In an embodiment, a computer readable storage medium is provided, and a computer program is stored on the computer readable storage medium, where the computer program is executed by a processor to implement the AI-based emotion recognition method in the above embodiment, for example, an application environment schematic diagram of the AI-based emotion recognition method shown in fig. 1, or flowcharts of the AI-based emotion recognition method shown in fig. 2 to 4, which are not repeated herein. Or the computer program, when executed by the processor, implements the functions of the modules/units in the embodiment of the AI-based emotion recognition device, such as the AI-based emotion recognition function shown in fig. 5, which is not repeated here. The computer readable storage medium may be nonvolatile or may be volatile.
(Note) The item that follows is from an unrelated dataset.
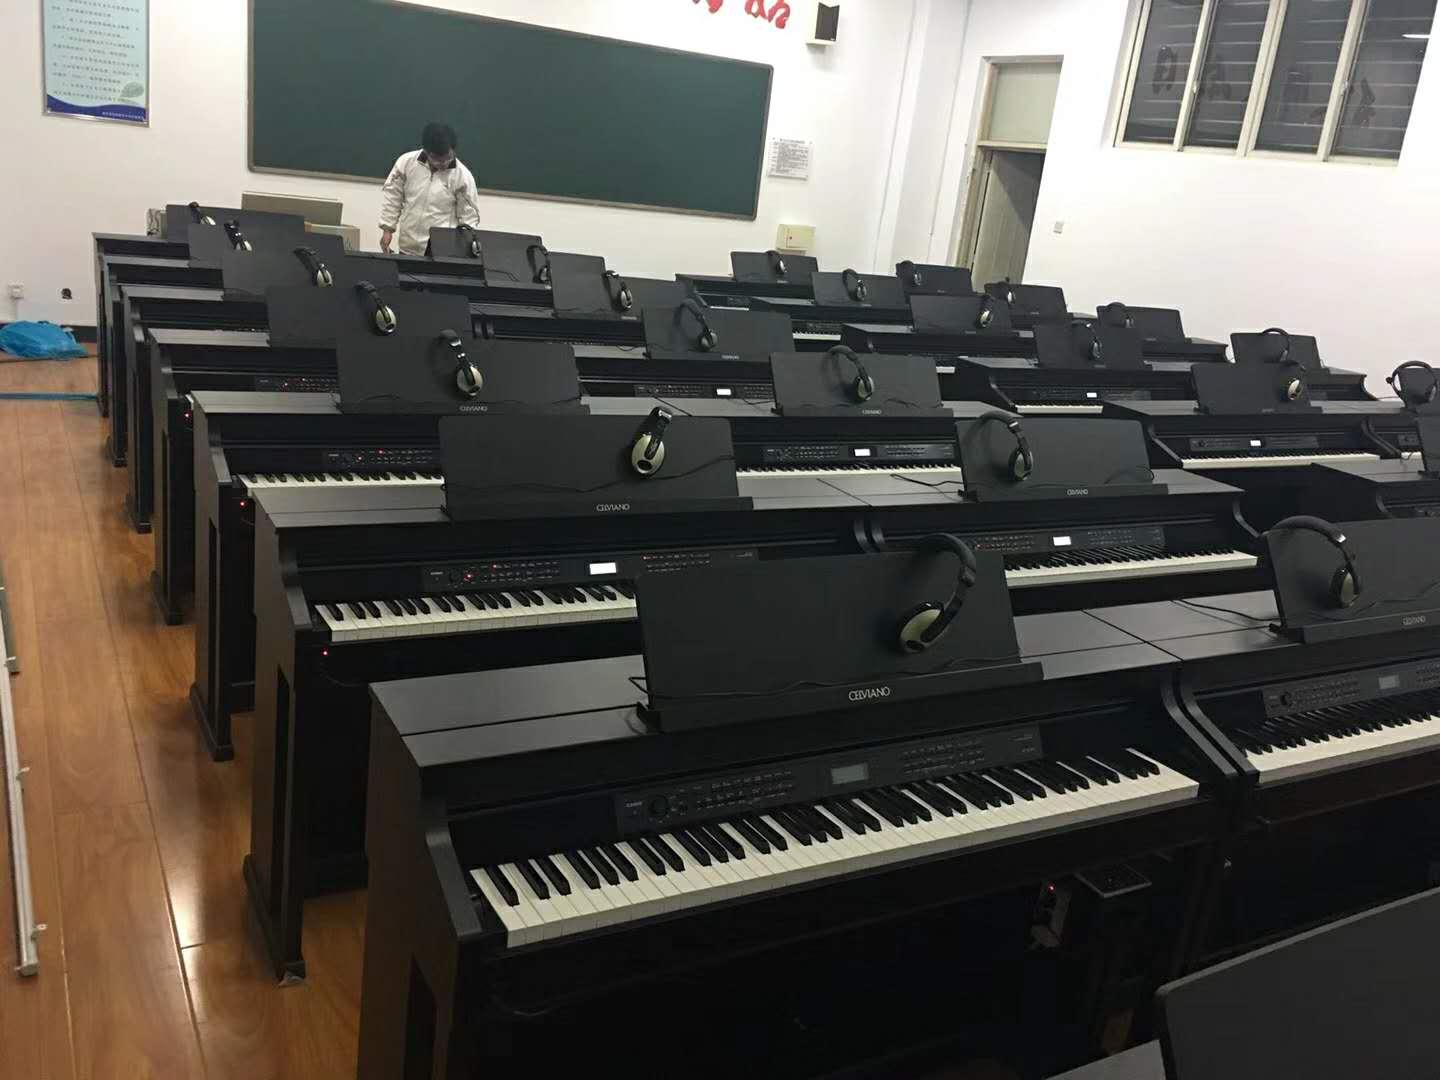 金瑞冠达数字音乐教室电钢琴教学系统
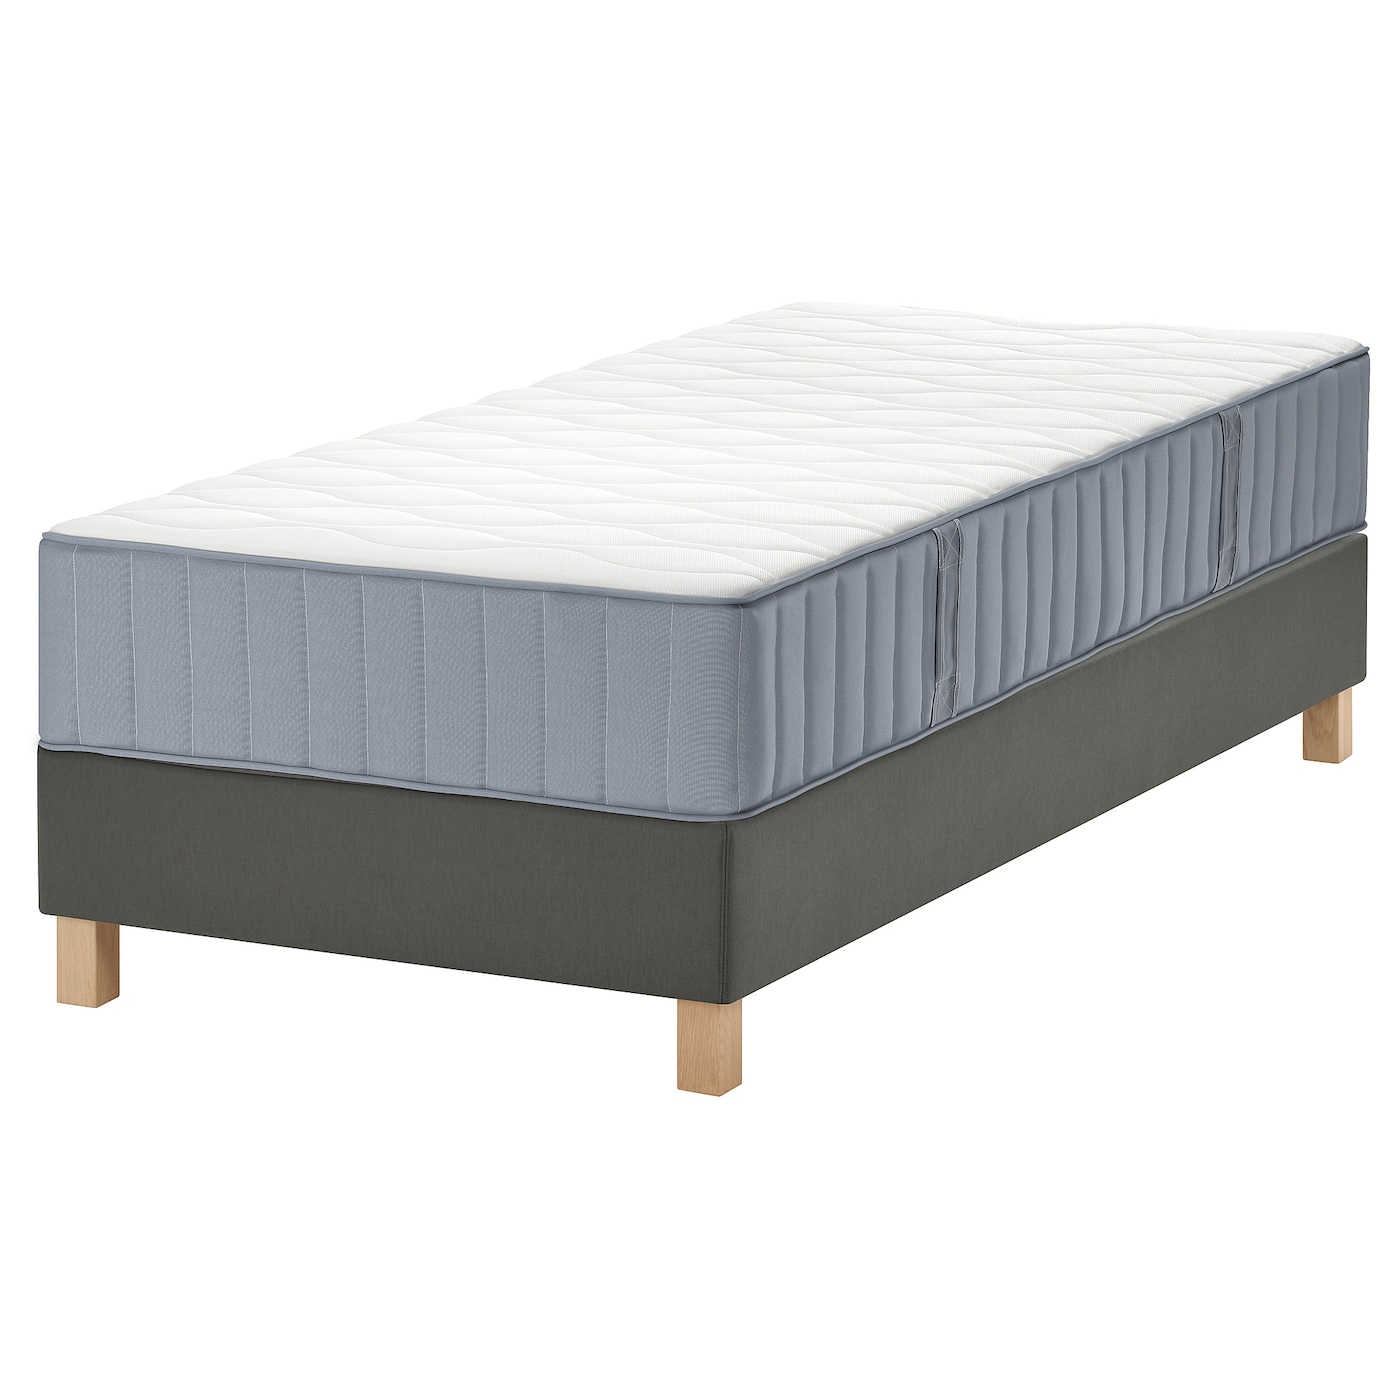 Кровать - LYNGÖR / LYNGОR IKEA/ ЛЮНГЕРЬ ИКЕА,  90х200 см,  серый

Those skilled in the art will appreciate that implementing all or part of the above described methods may be accomplished by way of a computer program stored on a non-transitory computer readable storage medium, which when executed, may comprise the steps of the embodiments of the methods described above. Any reference to memory, storage, database, or other medium used in embodiments provided herein may include non-volatile and/or volatile memory. The nonvolatile memory can include Read Only Memory (ROM), programmable ROM (PROM), electrically Programmable ROM (EPROM), electrically Erasable Programmable ROM (EEPROM), or flash memory. Volatile memory can include Random Access Memory (RAM) or external cache memory. By way of illustration and not limitation, RAM is available in a variety of forms such as Static RAM (SRAM), dynamic RAM (DRAM), synchronous DRAM (SDRAM), double Data Rate SDRAM (DDRSDRAM), enhanced SDRAM (ESDRAM), synchronous link (SYNCHLINK) DRAM (SLDRAM), memory bus (Rambus) direct RAM (RDRAM), direct memory bus dynamic RAM (DRDRAM), and memory bus dynamic RAM (RDRAM), among others.
It will be apparent to those skilled in the art that, for convenience and brevity of description, only the above-described division of the functional units and modules is illustrated, and in practical application, the above-described functional distribution may be performed by different functional units and modules according to needs, i.e. the internal structure of the apparatus is divided into different functional units or modules to perform all or part of the above-described functions.
The foregoing embodiments are merely illustrative of the technical solutions of the present invention, and not restrictive, and although the present invention has been described in detail with reference to the foregoing embodiments, it should be understood by those skilled in the art that modifications may still be made to the technical solutions described in the foregoing embodiments or equivalent substitutions of some technical features thereof, and that such modifications or substitutions do not depart from the spirit and scope of the technical solutions of the embodiments of the present invention.